The sand can store heat at around 500C for several days to even months, providing a valuable store of cheaper energy during the winter. When needed, the battery discharges the hot air—warming water in the district heating network. Homes, offices, and even the local swimming pool all benefit in Kankaanpää, for example.
And in Japan, a new fleet of solar cars was unveiled, designed especially for small island nations that don’t have great distances to drive. As The Japan Times reported:
The electrification of transport, a potent strategy to address climate change, is gaining momentum, with over 38 countries committing to no less than 30% zero-emission newly sold medium- and heavy-duty trucks by 2030. For LDCs and SIDS, harnessing the drive for electrification using what is often their richest natural endowment—sunshine—could represent a breakthrough.
These seem small and niche to you? Then consider the ongoing miracle in China, where new data shows that the world’s largest economy generated more solar power through May of this year than it did in all of 2022. As industry watcher Felix Hamer said, “This is what a 30% annual growth rate can look like.” Just as an example, China leads the world in converting old coal mines into solar farms—90 projects so far, with 46 more in the works according to new data this week from Global Energy Monitor.

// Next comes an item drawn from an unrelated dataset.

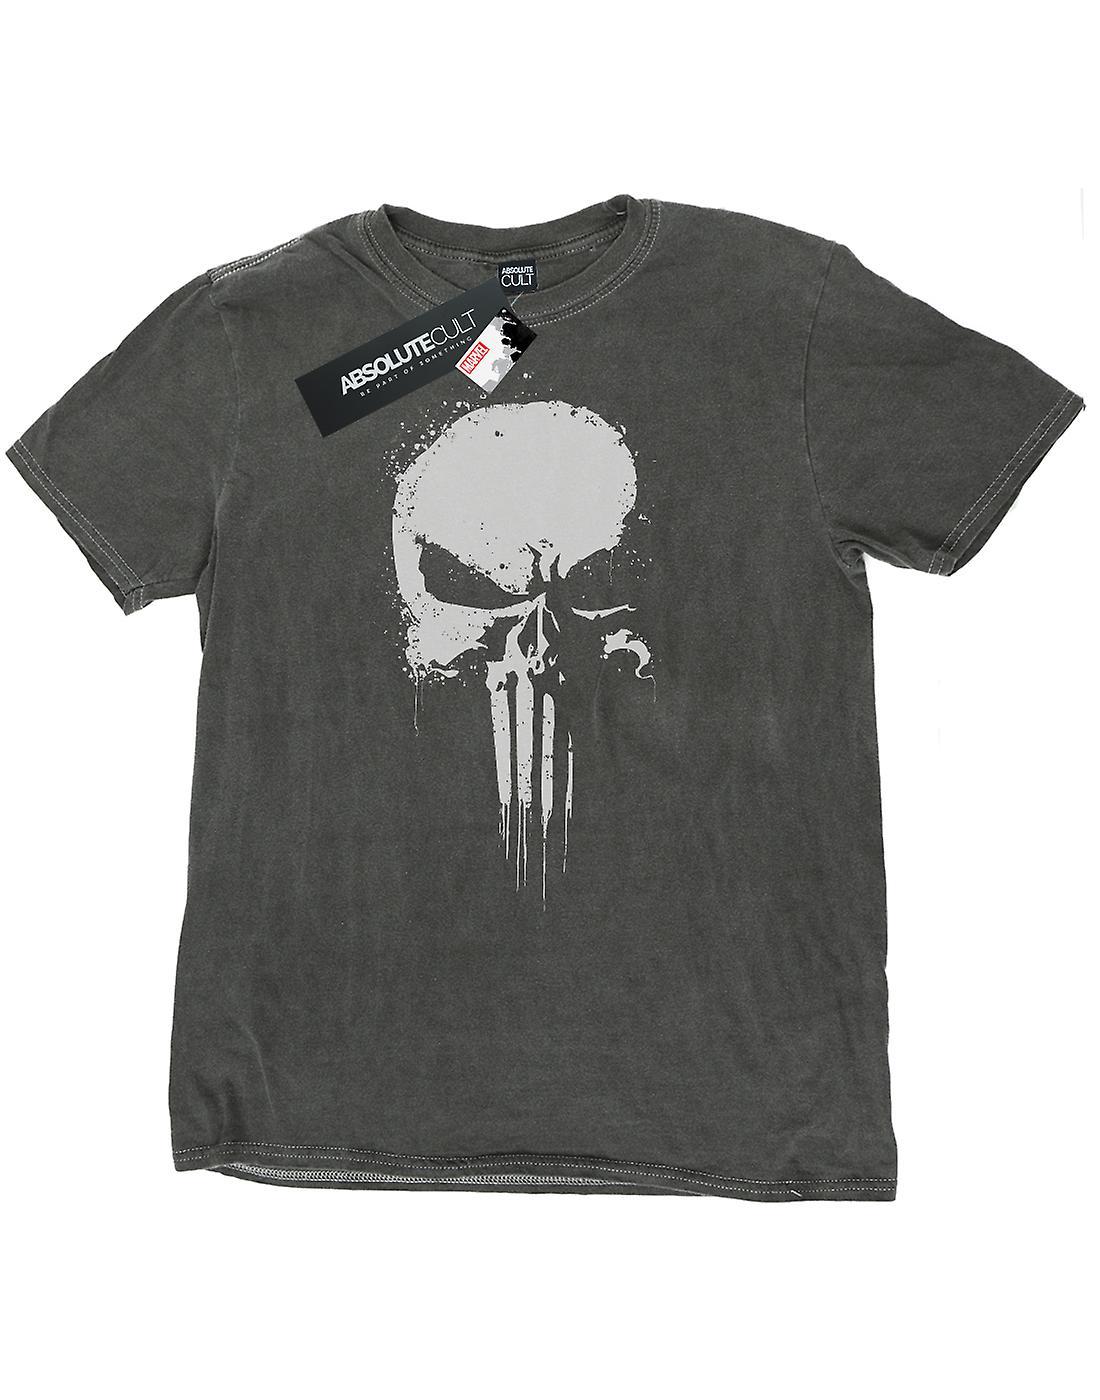 Marvel Men's The Punisher Spray Skull Washed T-Shirt
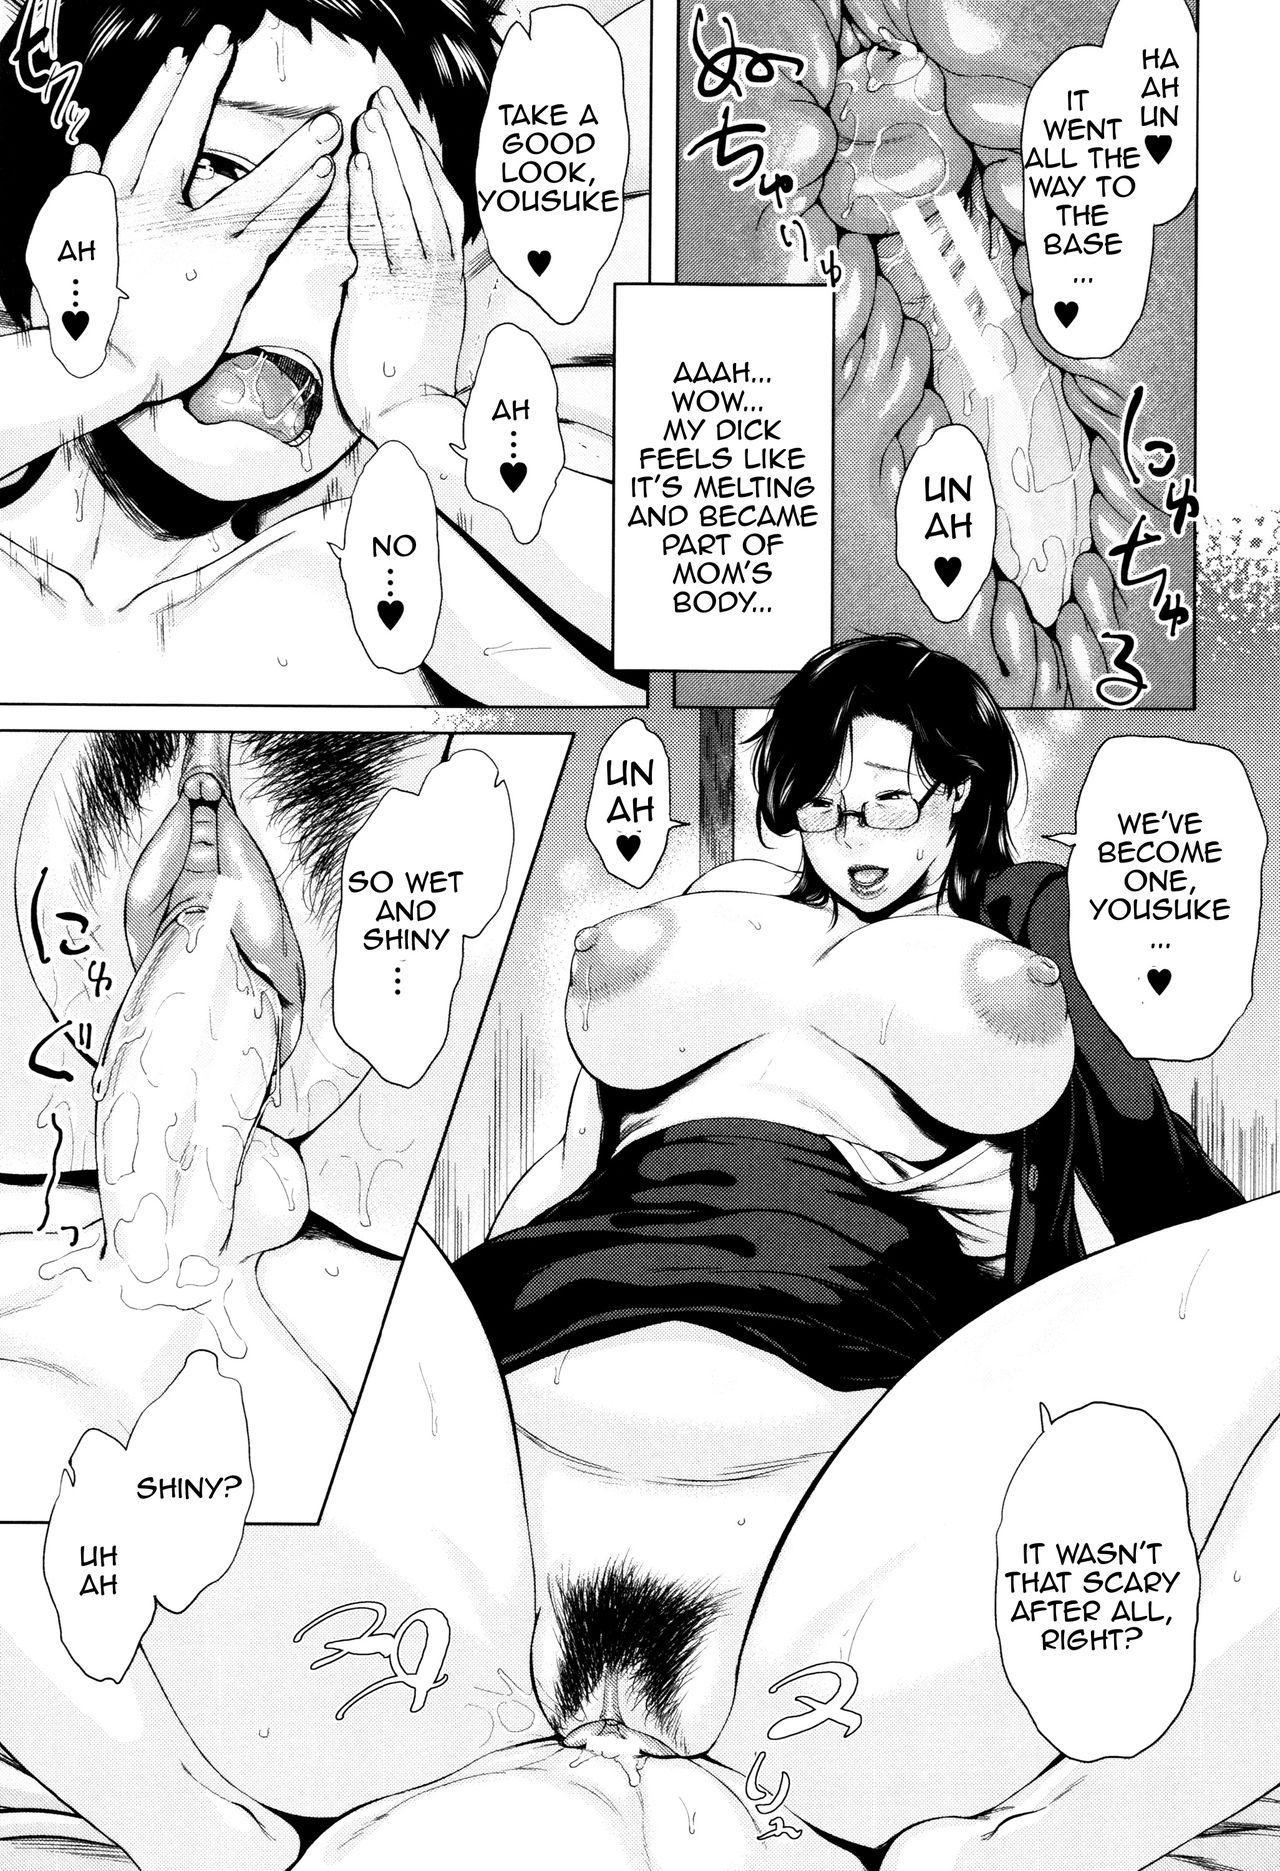 [Jitsuma] Kinyoubi no Haha-tachi e - To Friday's mothers [English] [Amoskandy, desudesu, Kusanyagi] 121

That’s all good news. To go back to the top of this account—those vast scientific studies showing the breakdown of the planet’s climate system—there are only two things that can conceivably scale fast enough to make a real difference. One is some kind of as-yet-undeveloped carbon sequestration scheme. The other—now fully available to us everywhere—is the rapid buildout of clean energy across the Earth. If we were functioning effectively as a species, spreading solar panels, wind turbines, and batteries would be job one, two, and three on this planet—especially since if we were successful at it we could stop fighting wars at least partly about oil, wars which this week, of course, threaten to escalate into something far worse.
So as I bring this tour to an end, let me remind you to figure out something to do for SunDay. The first events are appearing already on the map. From Julie Williams comes the sun of the week:

I hope this tour through science and economics and politics has been helpful in some way—you can see why I sometimes despair, not just of the future but even of my own ability to get across what’s happening in the present. I think I’ve been at this so long that I have a better sense than most of how all those moving pieces interact, but there are so many pieces and they’re now moving so fast.
Which is why we need to be moving some of them ourselves—the stakes of this wager are so ominous that anything we can do to change the odds we must; it is the greatest of all the challenges we face on this anxious planet. Thank you, immensely, for being a part of this fight.